Task to complete
Pictures should be left out when the listing below is repeated word for word.

Dataset section below:

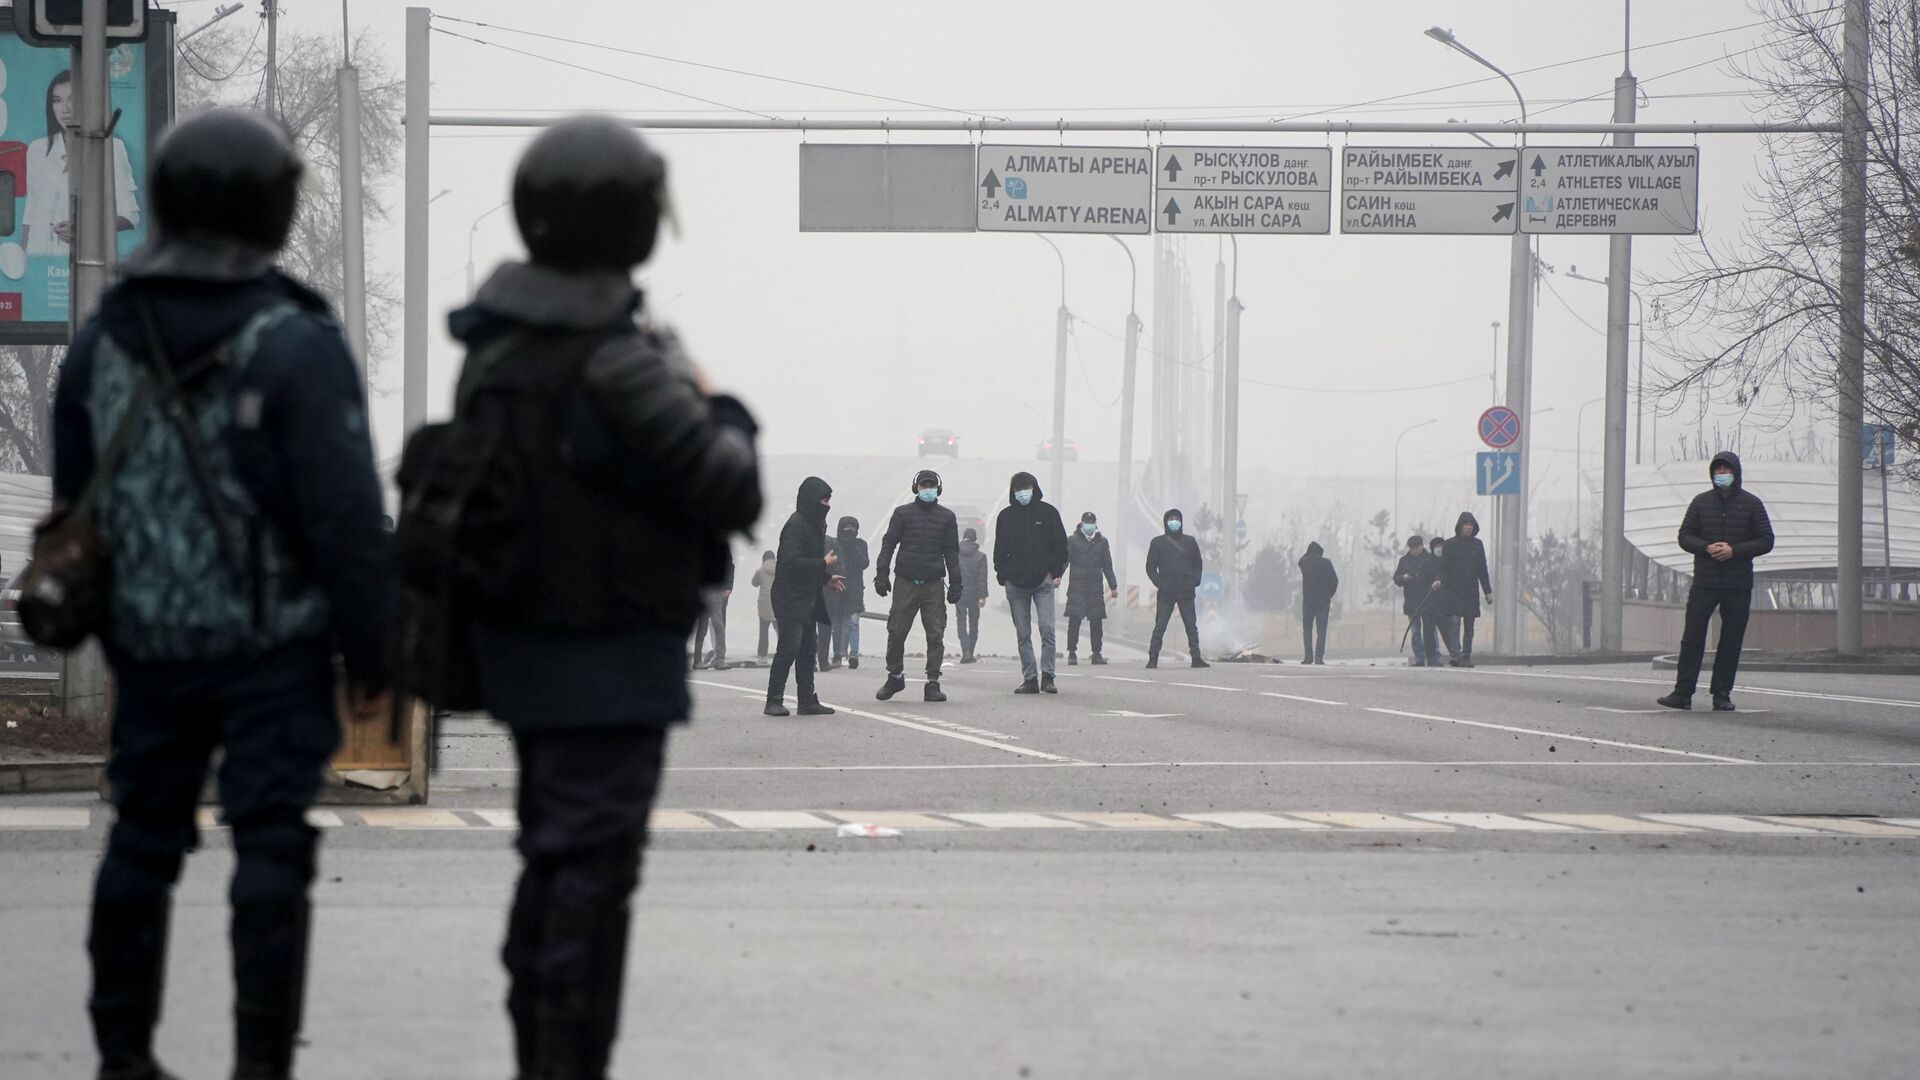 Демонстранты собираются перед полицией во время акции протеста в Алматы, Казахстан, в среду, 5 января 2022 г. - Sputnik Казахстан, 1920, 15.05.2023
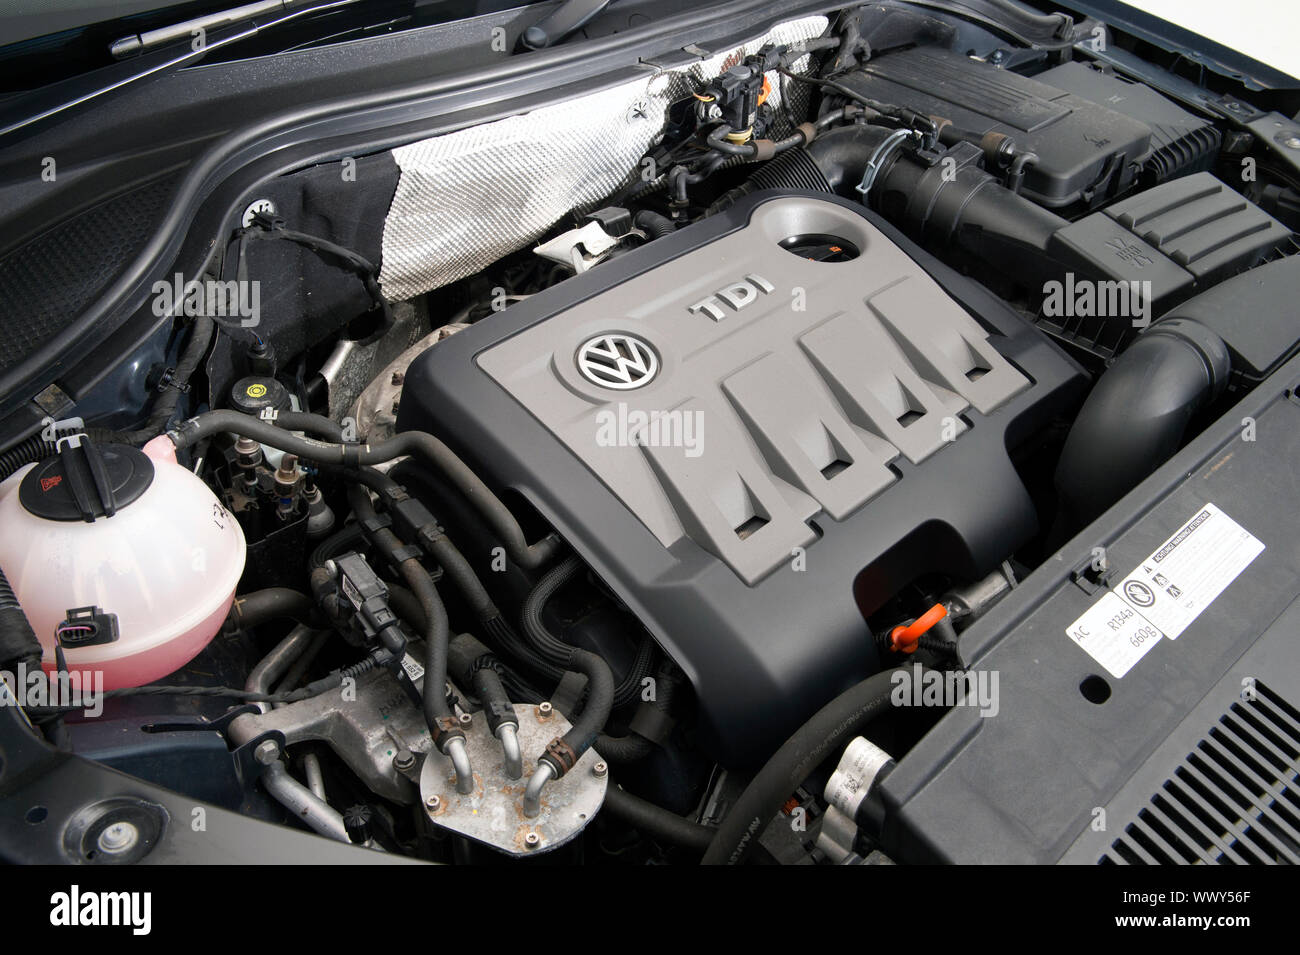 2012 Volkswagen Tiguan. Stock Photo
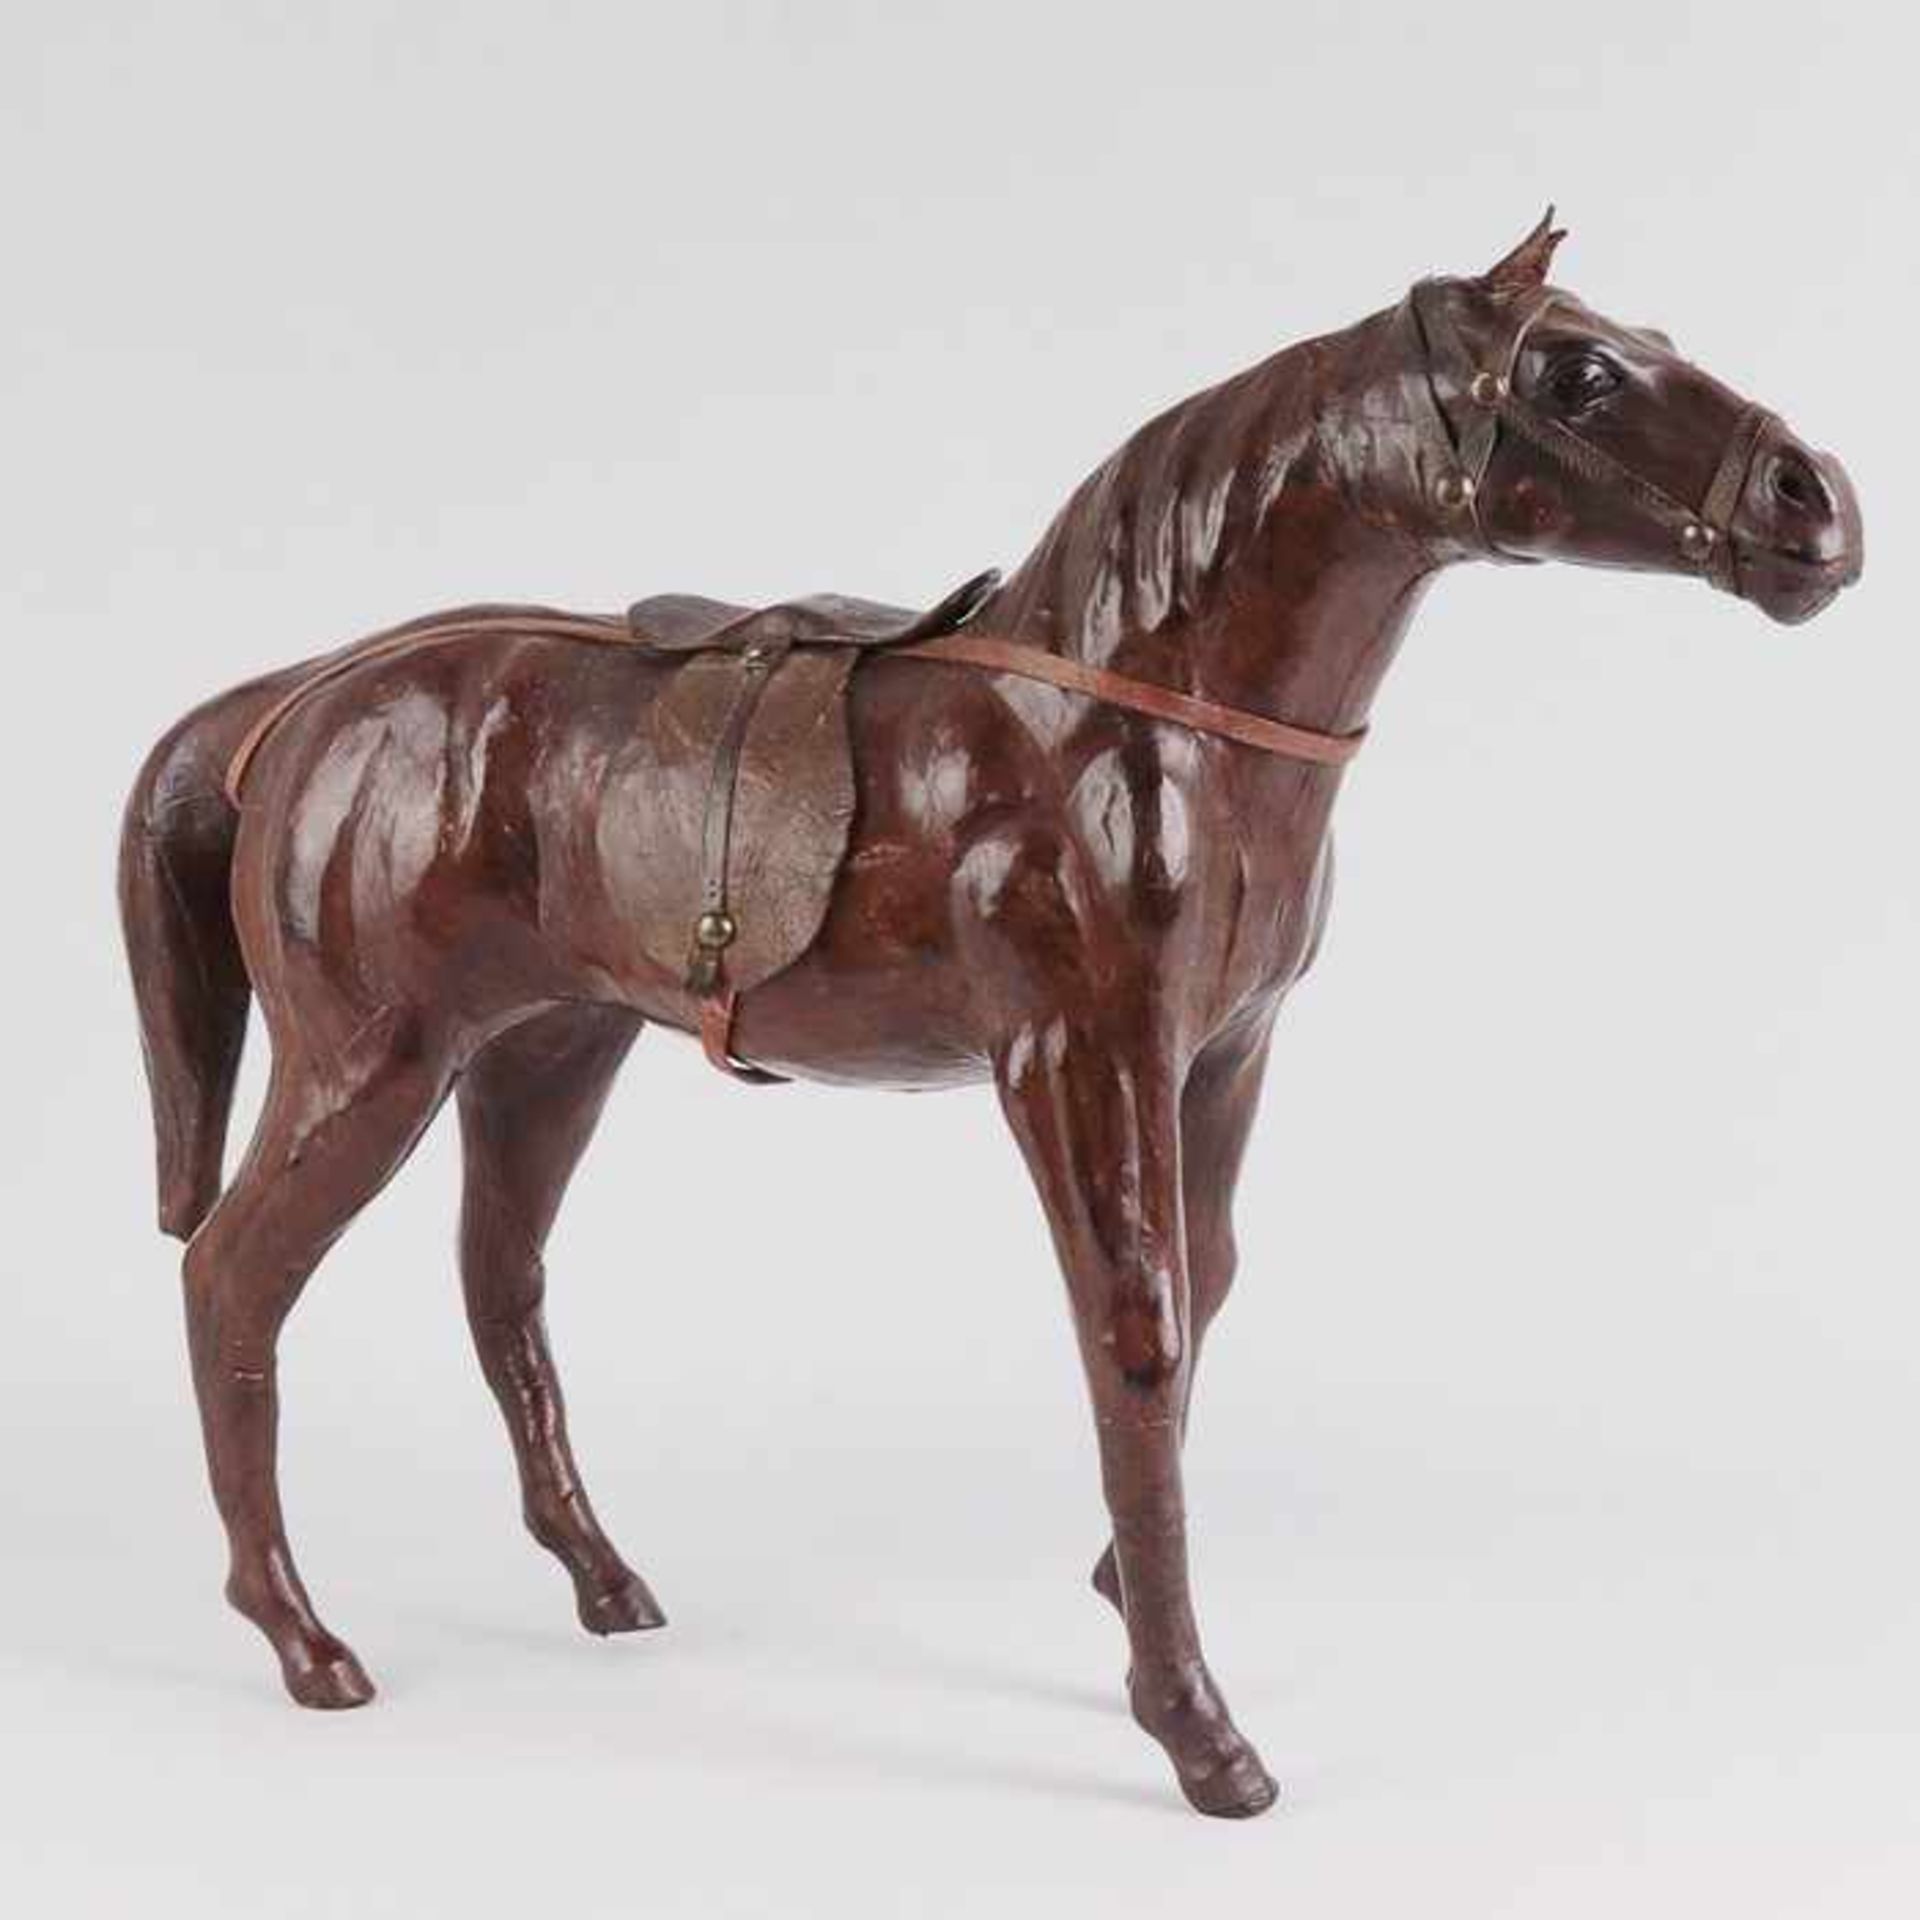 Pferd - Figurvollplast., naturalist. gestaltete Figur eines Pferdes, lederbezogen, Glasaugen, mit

End of Dataset section.

Exercise response
 Демонстранты собираются перед полицией во время акции протеста в Алматы, Казахстан, в среду, 5 января 2022 г. - Sputnik Казахстан, 1920, 15.05.2023
 2012 Volkswagen Tiguan. Stock Photo
 Pferd - Figurvollplast., naturalist. gestaltete Figur eines Pferdes, lederbezogen, Glasaugen, mit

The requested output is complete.